ホラーアドベンチャー『廃深』(Switch/Steam)のレビュー(感想&評価)です。
2が発売されたようなので、積んであったことを思い出しプレイ。
全エンディング回収して5時間ほど。
寝転がって気軽にできる程良いホラーゲームでした。
セール時には半額以下になっているので、主人公3人にちょっとでも興味が湧いた方はプレイしてみてはいかがでしょうか。
ホラー目的の人はプレイしなくても無問題。
プレイ時間:5時間
『廃深』概要とストーリー
ゲーム概要
本作は、襲い来る謎の殺人鬼(豚の着ぐるみ)から逃げながら、廃墟となったホテル内を探索し、アイテムやヒントを手掛かりに謎を解き、脱出を目指す横スクロールアドベンチャーゲーム。

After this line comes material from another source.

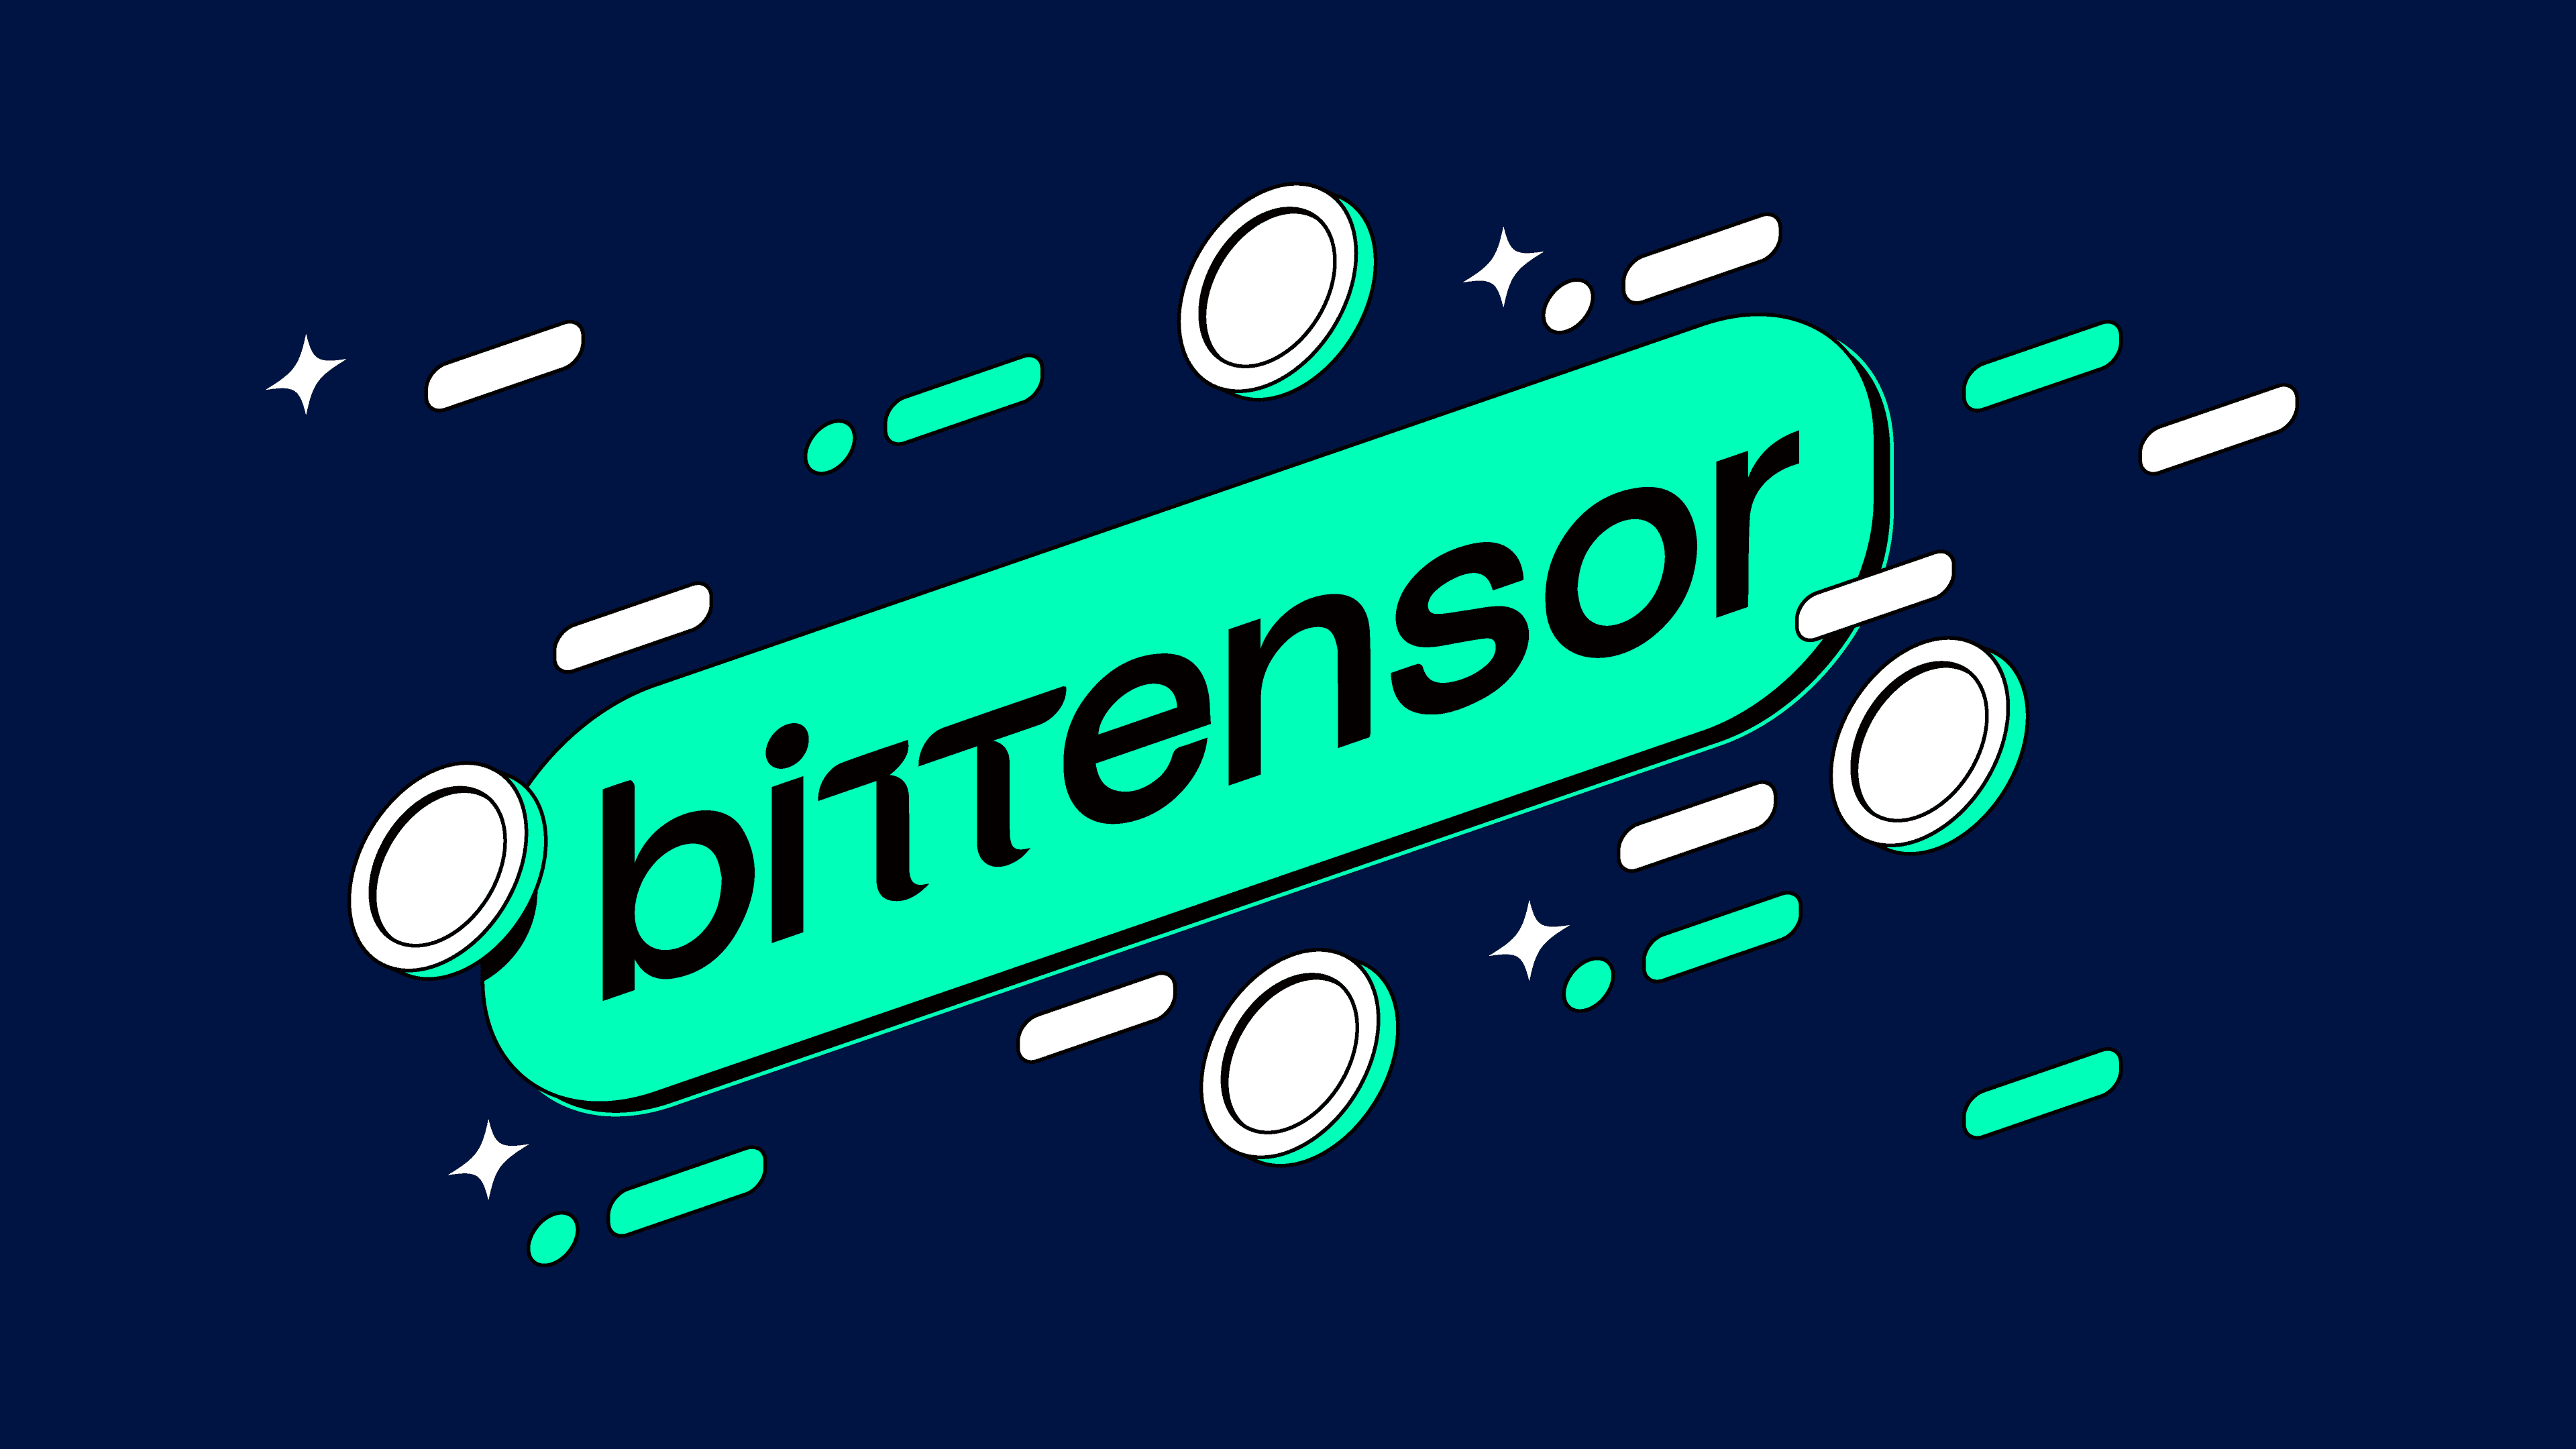 A Brief Introduction to Bittensor

豚の着ぐるみは血にまみれた鉈を引きずりながら、廃ホテルを徘徊しています。
近づけば即座に殺されるので、見つかった場合は小部屋や柱の裏に隠れてやり過ごしましょう。
鉈を引きずる音がなかなかに恐怖感を煽ってくれます。
逃げるスリルを味わいたいホラー初心者にはちょうどいいかもです。
ストーリー
動画配信者である生駒、桜井、白石の3人は、「廃墟へ撮影に行きたい」という桜井の提案で、地元で有名な心霊スポット『ホテル イザナミ』へと訪れた。
とりたてて大きな逸話があるわけでもないよくある心霊スポットでの撮影。
何事もなく撮影を終え、ホラーっぽい動画が作れればいい――ただそれだけだった。
撮影中、一人はぐれた生駒は、突如動き出した着ぐるみに襲われる。
その後も閉じ込められたレジャーホテルの中で数々な危機に襲われる3人。なぜ着ぐるみは3人を襲うのか、どうしてホテルに閉じ込められたのか。

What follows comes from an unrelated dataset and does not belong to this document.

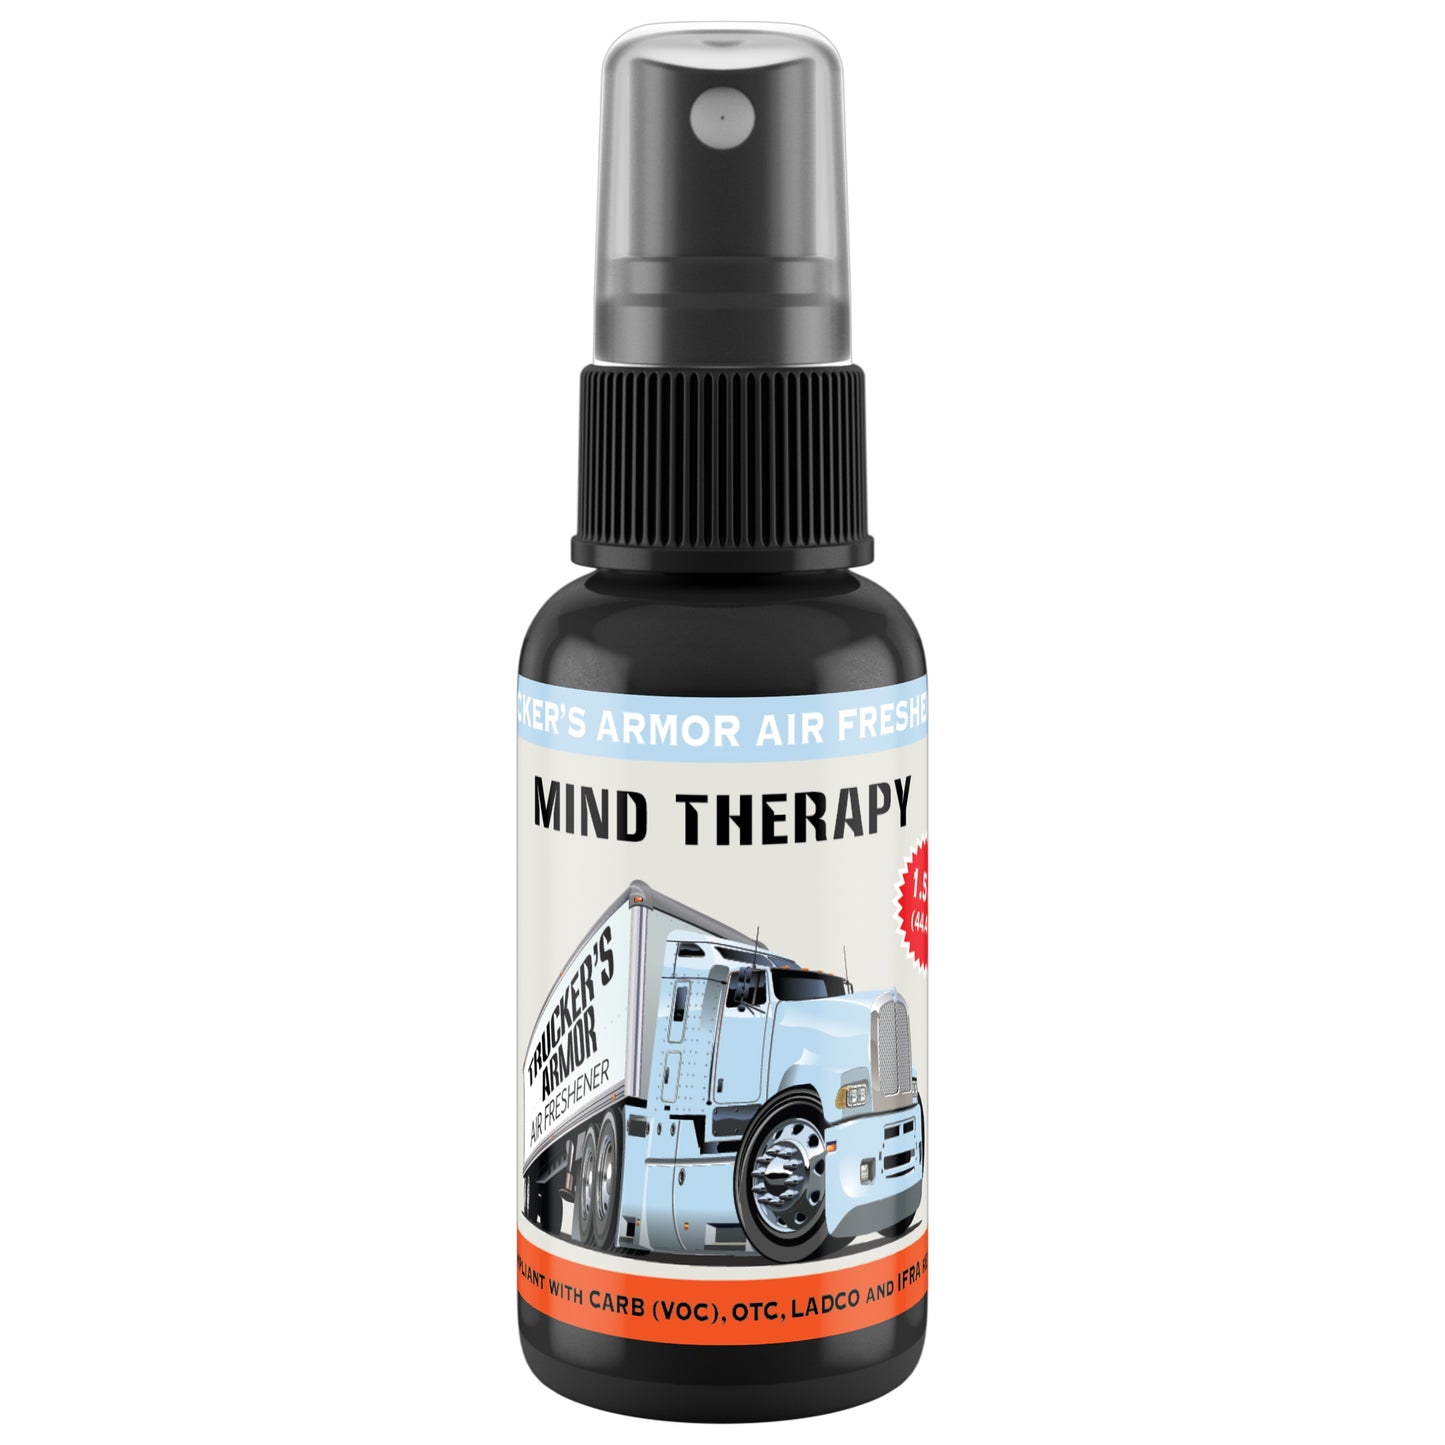 Trucker's Armor Air Freshener - Mind Therapy Scent

はたして 3人は、無事にこの廃レジャーホテルホテルから脱出することはできるのか――?廃レジャーホテルを舞台に命をかけた動画配信がはじまる―
引用:公式サイト
今や猫も杓子もやっている動画配信をネタにしたストーリーです。
今時の若者を上手く描けているんじゃないでしょうか。
(カセットテープって何?ラジカセって何?初めて見た!というシーンに隔世の感がありました。笑)
美少女3人が集まって何かやるところを動画にすればそれだけで(ある程度)視聴数稼げそうな気がしますけどね。わざわざ心霊スポットでなくとも。

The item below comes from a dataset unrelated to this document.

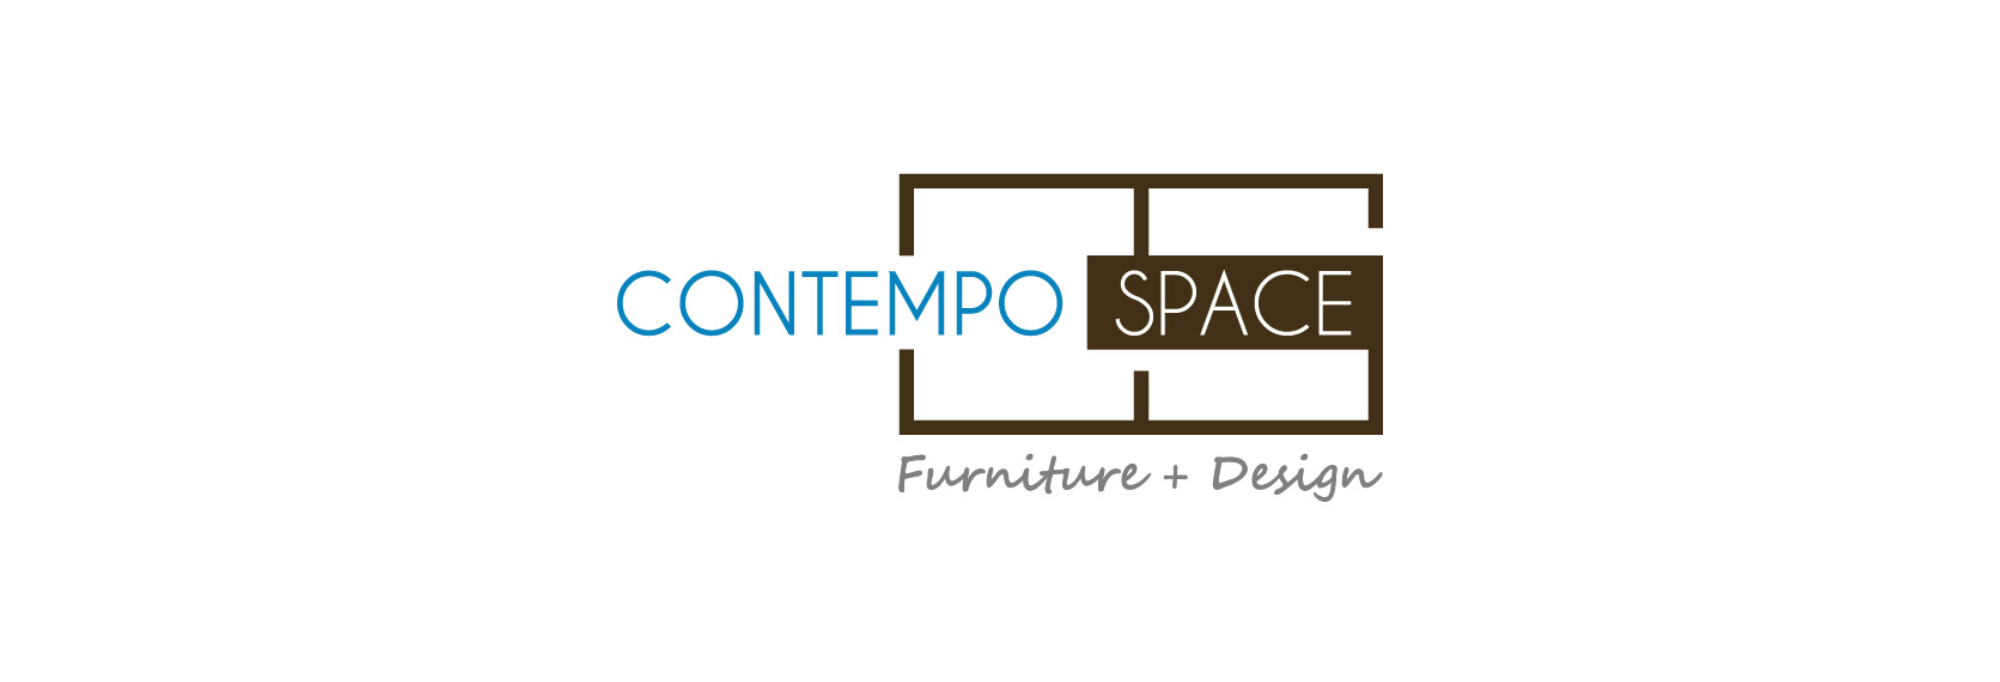 Contempo Space.png

動画配信はホテルに来るきっかけとなるだけで、ほぼ意味ありません。
白石が桜井に、ドッキリ仕掛けて楽しんでるんじゃないの!?とキレるシーンがありますが、正直、二重三重のドッキリの仕掛け合いだったら面白かったのになあと思います。
まあ、この手のゲームに多くを求めてはダメです。
良かったところ・特徴・気に入った点
シンプルに良かったところは、かわいいキャラクターを操作できることですね。
案外、ホラーゲームで普通の大学生(かどうかは明示されてない)が主人公になることが少ないので、新鮮に感じました。
やること(やれること)も多くないし、気軽にプレイできるホラーとしては満足です。
豚の着ぐるみはエリアチェンジしても執拗に追いかけてきますが、隠れればすぐに見失ってくれます。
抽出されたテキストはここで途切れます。